Enquanto isso, numa sala de comissões, recinto fechado, esbirros da polícia legislativa, convenientemente reforçada pela atual Mesa, atingiam jovens manifestantes com jatos de spray de gás de pimenta. Os estudantes pacificamente protestavam  contra o projeto de redução da maioridade penal, bandeira de Eduardo Cunha e do grupo que comanda a Casa, composta fundamentalmente pelos ditos evangélicos, a bancada da bala e a bancada do agronegócio.

Nas ruas, os representados por Eduardo Cunha e Renan Calheiros e outros quadros menores saúdam a violência policial e reclamam — numa agressão à memória nacional — a volta da ditadura. Nos restaurantes apupam homens de Estado dignos e dedicados ao país como os ex-ministros Alexandre Padilha e Guido Mantega, este já anteriormente agredido quando acompanhava sua esposa em exames médicos em famoso hospital paulistano.

Ao desembarcar de um voo a Brasília, um leitor de Carta Capital (por acaso um ‘ex-militante do movimento estudantil sequestrado e mantido preso por três dias em 1980 na Argentina’, diz-nos a Carta da semana passada) foi hostilizado por carregar consigo um exemplar da revista. Não me recordo de algum companheiro da esquerda, ainda nos tempos da ditadura, haver sido insultado por ter às mãos o Pasquim ou o Opinião, que carregávamos com orgulho e ostensivamente. Conta-nos  Elbio de Freitas Flores: “Estava com a revista na mão, me preparando para sair pelo corredor [do avião], quando ouvi: ‘Essa é uma revista idiota, quem lê é idiota’.

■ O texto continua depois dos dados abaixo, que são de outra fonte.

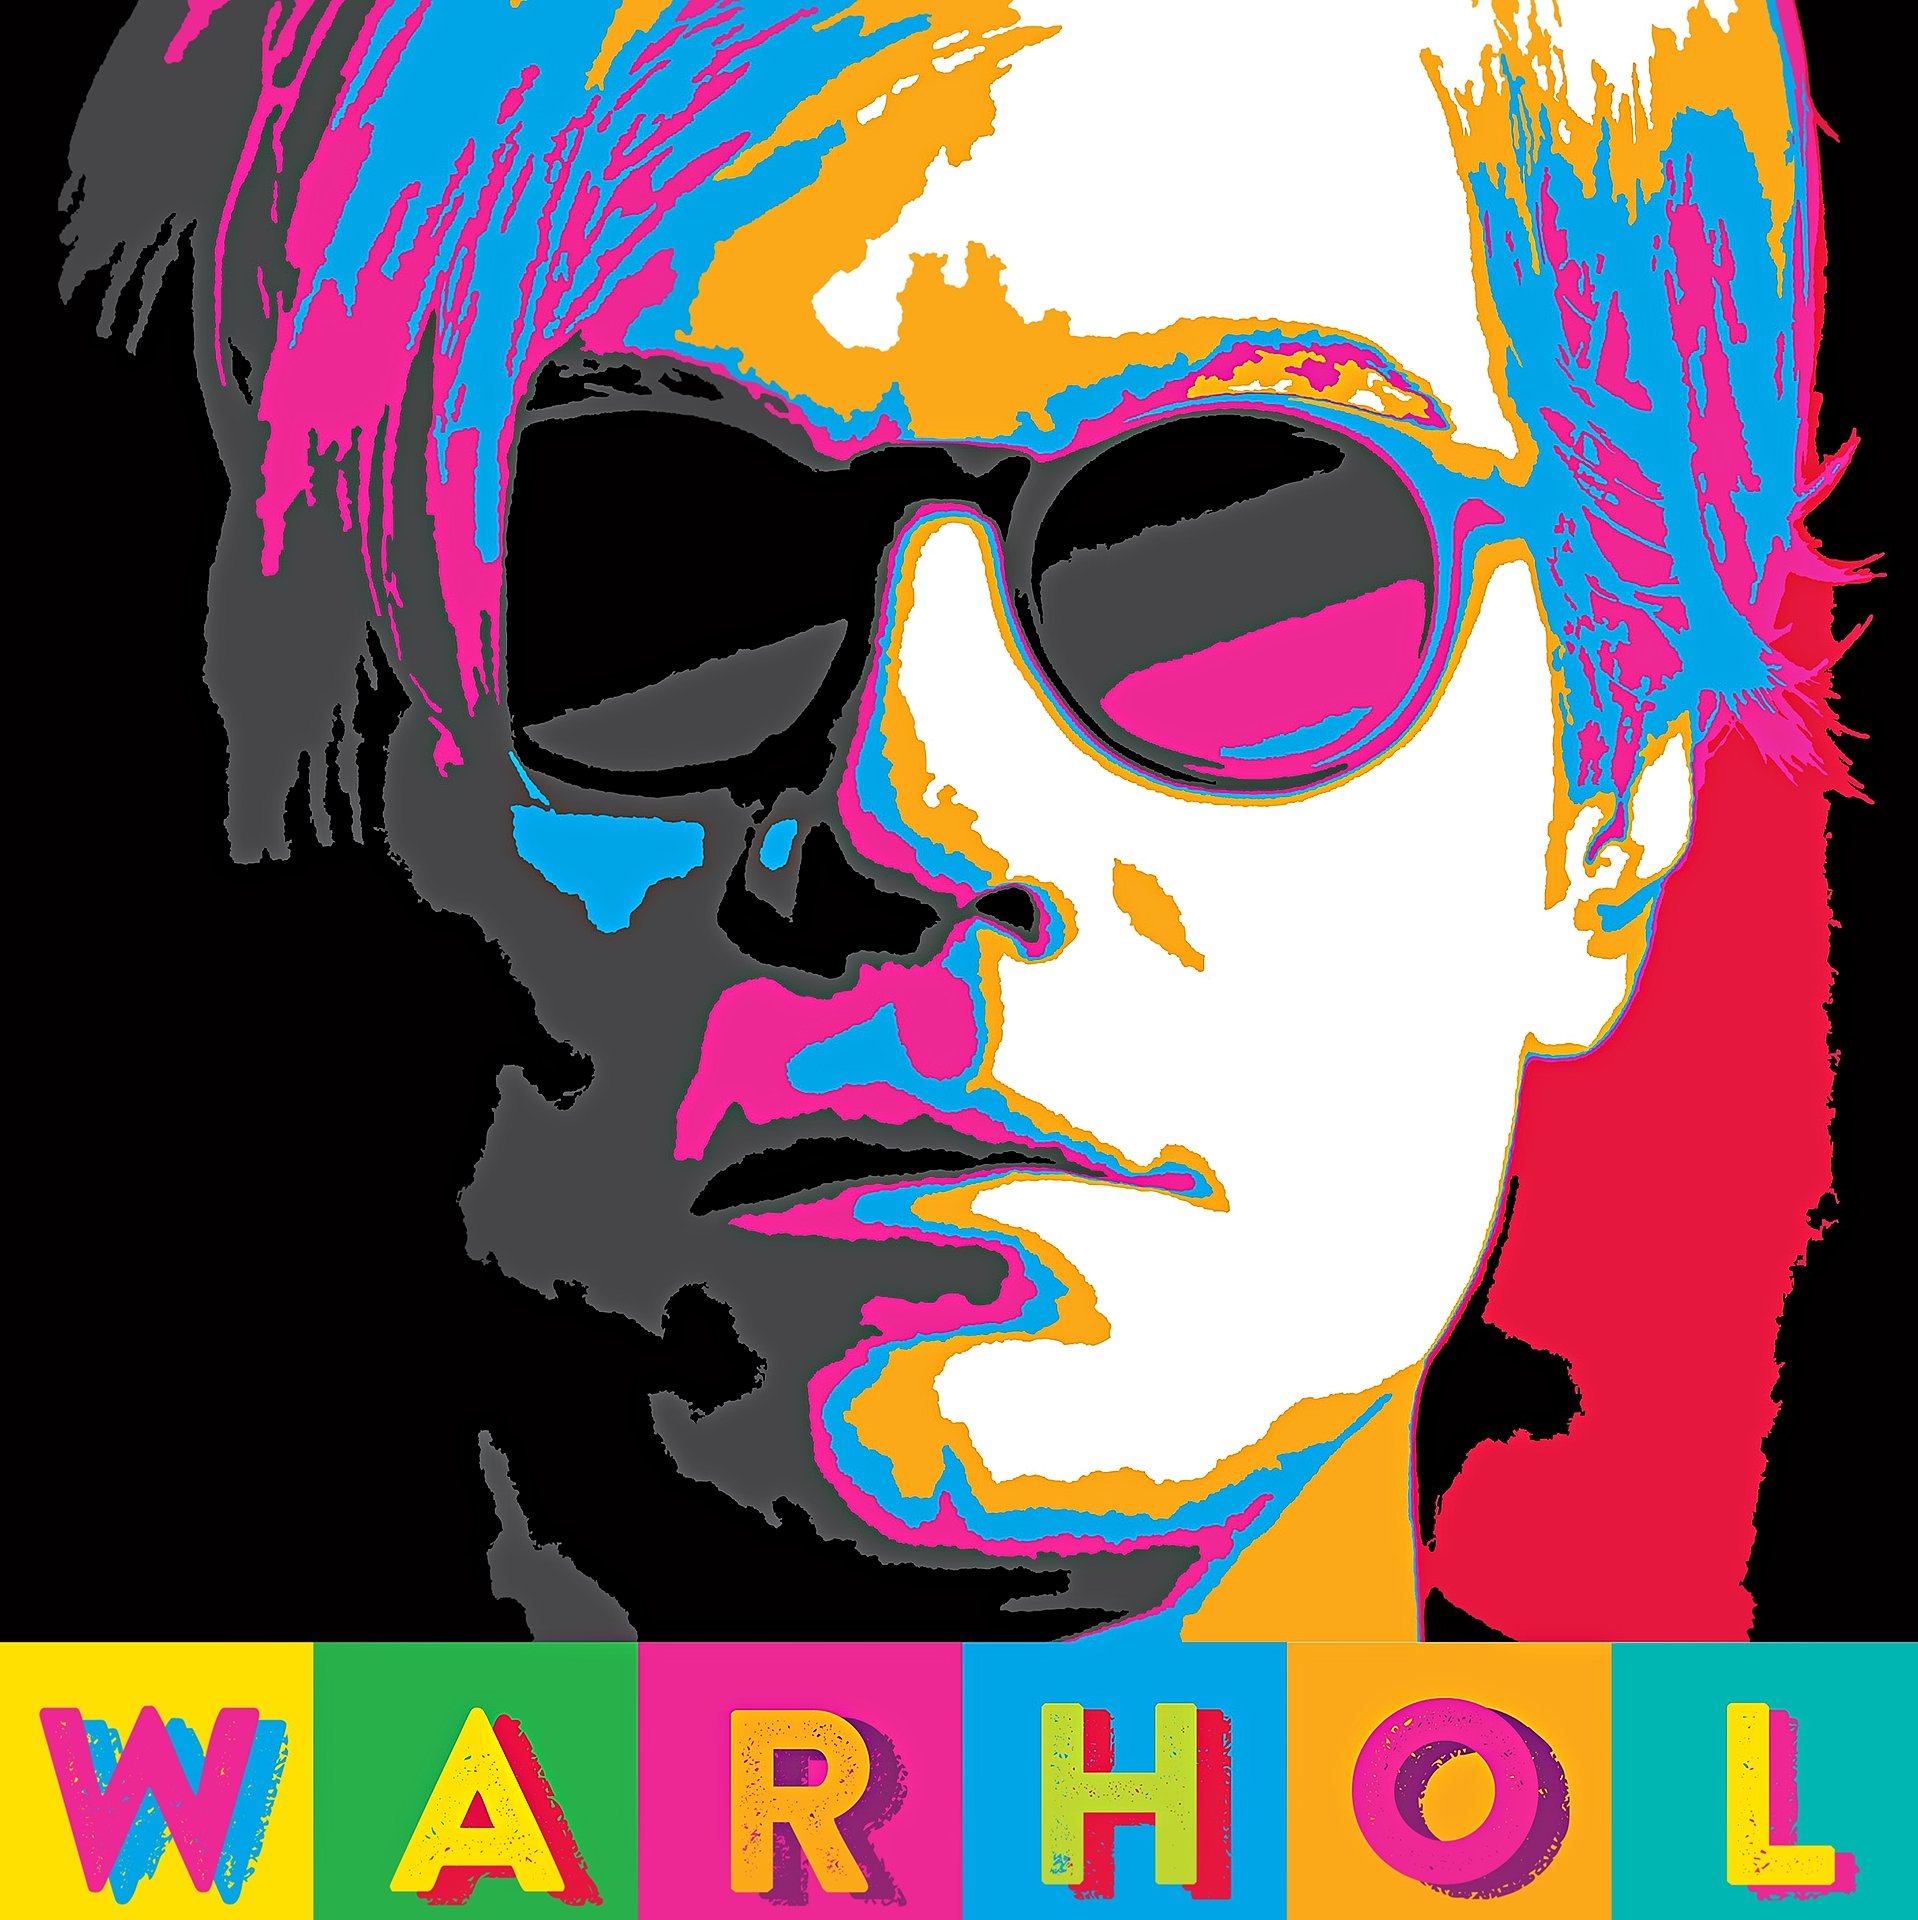 Andy Warhol exhibition at Miami Art Basel via 360 MAGAZINE.

Era um homem de cabelos brancos de mais ou menos 50 anos, cuja valentia era estimulada pelo coro de um grupo formado na maioria por jovens: "Dilmão, eu quero,/Dilmão, eu quero/Dilmão eu quero mamar/dá uma teta/ dá uma teta/ dá uma teta para o petista roubar”. Segundo a revista, a súcia era formada por integrantes de um grupo autointitulado de 'La Banda Loka Liberal', que chegava a Brasília para participar de uma manifestação anti-Dilma, afinal esvaziada.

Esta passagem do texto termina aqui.